Lisa Standridge is an American politician who has served in the Oklahoma Senate representing the 15th district since 2024.

==Career==
Standridge is from Noble, Oklahoma, and graduated from the University of Oklahoma College of Pharmacy. She runs Blanchard Drug and Gift, which she owns alongside Rob Standridge, her husband.

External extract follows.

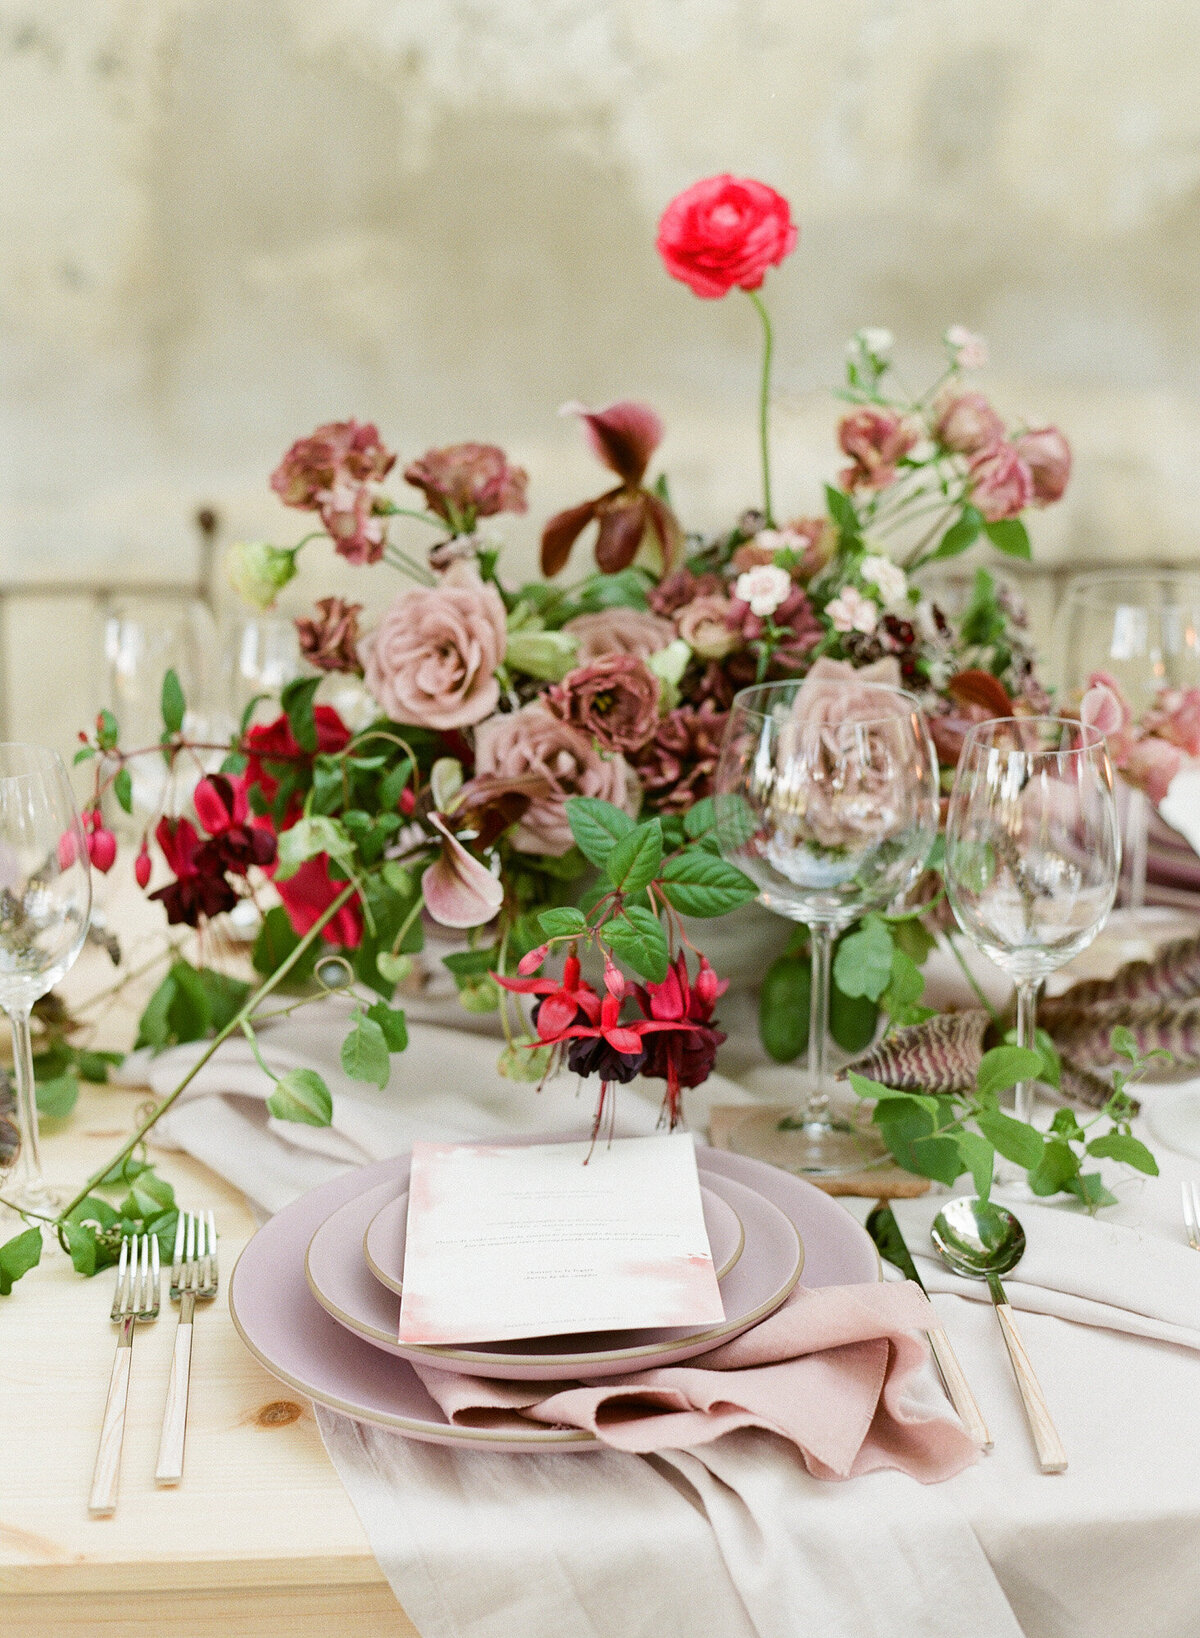 Stunning floral decoration at a tabletop with wine glasses and cutlery items.

Their pharmacy stocked hydroxychloroquine during the COVID-19 pandemic in 2020. The same year she supported recall efforts against Norman Mayor Breea Clark and four city councilors who voted to reallocate $800,000 of police funding.

==Oklahoma Senate==
In 2024, Standridge ran to succeed her husband Rob Standridge in representing the 15th district of the Oklahoma Senate. She faced Kyle Chapman, Tommie Herell, Robert C. Keyes, Kelly Lynn, and Brandon Nofire. She led in the primary election and advanced to a runoff alongside Keyes. She narrowly won the runoff by 55 votes. In the general election, she received over 61% of the vote and defeated Democrat Elizabeth Foreman. She was sworn in on November 13, 2024.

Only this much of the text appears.